Unicode 16.0 Extended grapheme clusters in nanoseconds
Project description
Overview
Use ugrapheme
to make your Python and Cython code see strings as a sequence of grapheme characters, so that the length of 👩🏽🔬🏴Hi
is 4 instead of 13.
Trivial operations like reversing a string, getting the first and last character, etc. become easy not just for Latin and Emojis, but Devanagari, Hangul, Tamil, Bengali, Arabic, etc. Centering and justifying Emojis and non-Latin text in terminal output becomes easy again, as ugrapheme
uses uwcwidth under the hood.
ugrapheme
exposes an interface that's almost identical to Python's native strings and maintains a similar performance envelope, processing strings at hundreds of megabytes or even gigabytes per second:
graphemes | graphemes result |
str | str result |
---|---|---|---|
g = graphemes('👩🏽🔬🏴Hi') |
s = '👩🏽🔬🏴Hi' |
||
len(g) |
4 |
len(s) |
13 |
print(g[0]) |
👩🏽🔬 |
print(s[0]) |
👩 |
print(g[2]) |
H |
print(s[2]) |
🔬 |
print(g[2:]) |
Hi |
print(s[2:]) |
🔬🏴Hi |
print(g[::-1]) |
iH🏴👩🏽🔬 |
print(s[::-1]) |
iH🏴🔬🏽👩 |
g.find('🔬') |
-1 |
s.find('🔬') |
3 |
print(','.join(g)) |
👩🏽🔬,🏴,H,i |
print(','.join(s)) |
👩,🏽,,🔬,🏴,,,,,,,H,i |
print(g.center(10, '-')) |
--👩🏽🔬🏴Hi-- |
print(s.center(10, '-')) |
👩🏽🔬🏴Hi |
print(max(g)) |
👩🏽🔬 |
print(max(s)) |
unprintable |
print(','.join(set(g))) |
i,🏴,👩🏽🔬,H |
print(','.join(set(s))) |
,H,,🏴,,,,i,,,🏽,👩,🔬 |
Just like native Python strings, graphemes
are hashable, iterable and pickleable.
Aside from passing the Unicode 16.0 UAX #29 Extended Grapheme Clusters grapheme break tests, ugrapheme
correctly parses many difficult cases that break other libraries in Python and other languages.

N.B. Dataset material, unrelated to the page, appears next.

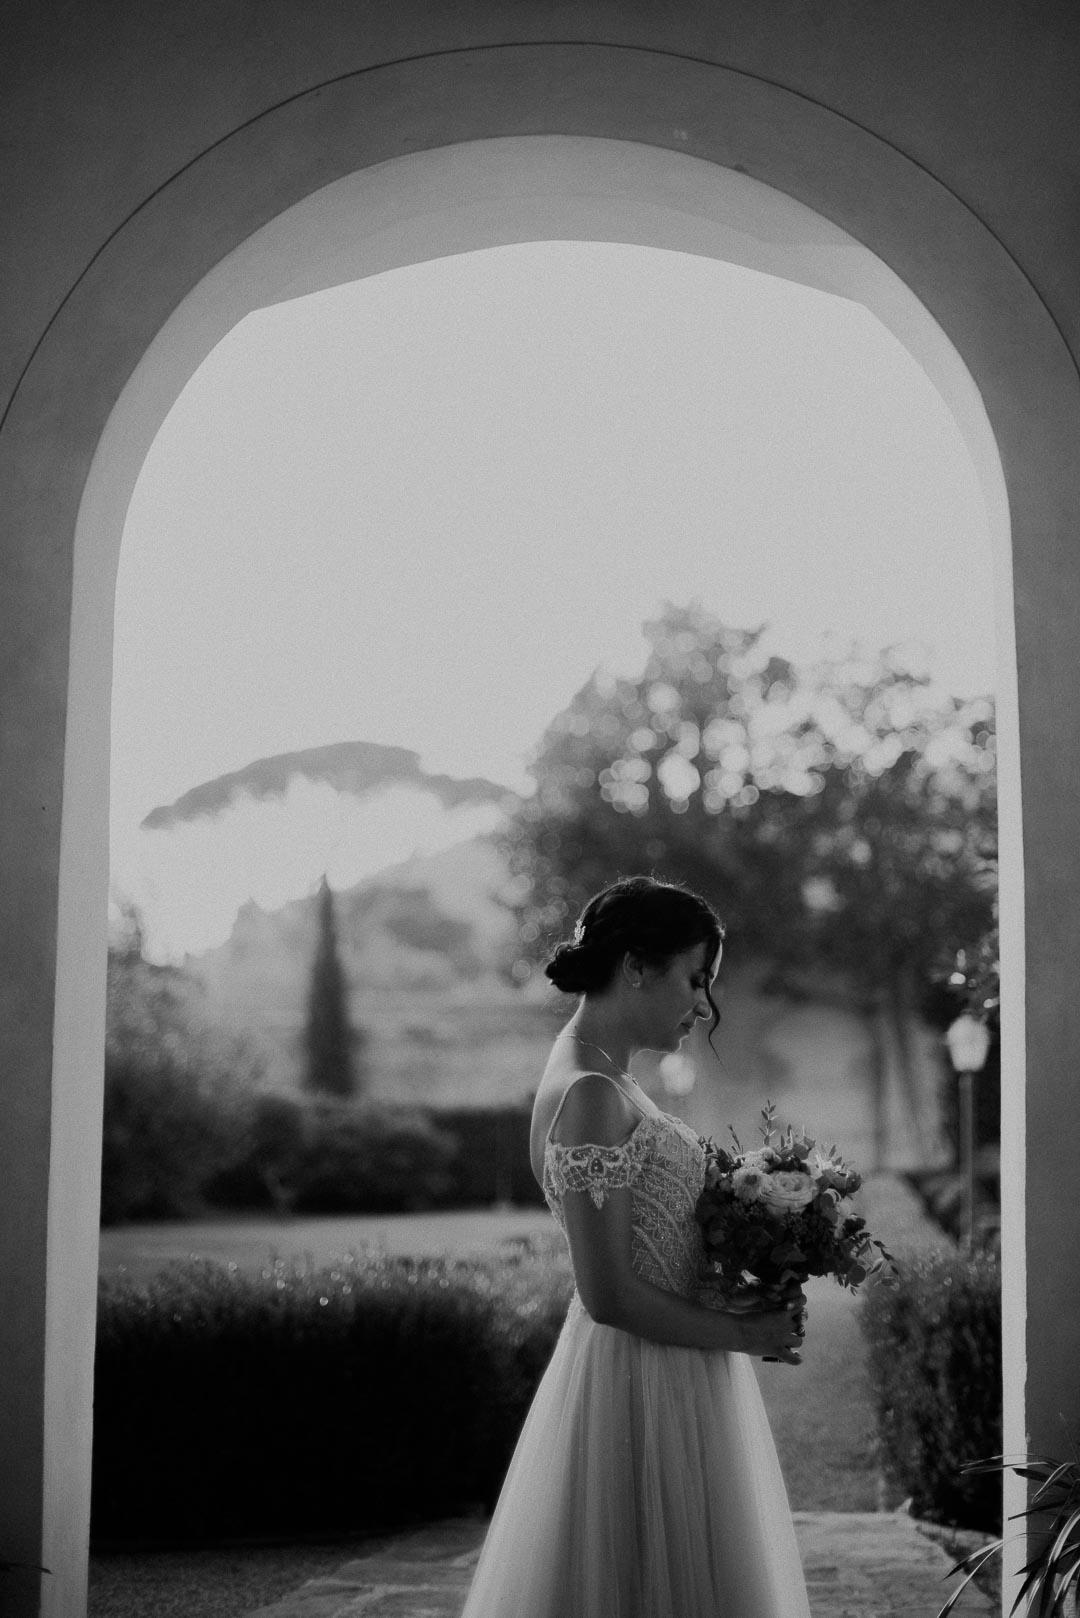 wedding-photographer-destination-fineart-bespoke-reportage-tuscany-villascorzi-vivianeizzo-spazio46-98

As of this writing (October 2024), ugrapheme
is among the fastest and probably among more correct implementations across all programming languages and operating systems.
Installation
pip install ugrapheme
Basic usage
In [1]: from ugrapheme import graphemes
In [2]: g = graphemes("👩🏽🔬🏴Hi")
In [3]: print(g[0])
👩🏽🔬
In [4]: print(g[-1])
i
In [5]: len(g)
Out[5]: 4
In [6]: print(g.center(10) + '\n0123456789')
👩🏽🔬🏴Hi
0123456789
In [7]: print(g * 5)
👩🏽🔬🏴Hi👩🏽🔬🏴Hi👩🏽🔬🏴Hi👩🏽🔬🏴Hi👩🏽🔬🏴Hi
In [8]: print(g.join(["Ho", "Hey"]))
Ho👩🏽🔬🏴HiHey
In [9]: print(g.replace('🏴','<scotland>'))
👩🏽🔬<scotland>Hi
In [10]: namaste = graphemes('नमस्ते')
In [11]: list(namaste)
Out[11]: ['न', 'म', 'स्ते']
In [12]: print('>> ' + g[::-1] + namaste + ' <<')
>> iH🏴👩🏽🔬नमस्ते <<
Documentation
Aside from this file, all public methods have detailed docstrings with examples, which should hopefully show up in IPython, VS Code, Jupyter Notebook or whatever else you happen to be using.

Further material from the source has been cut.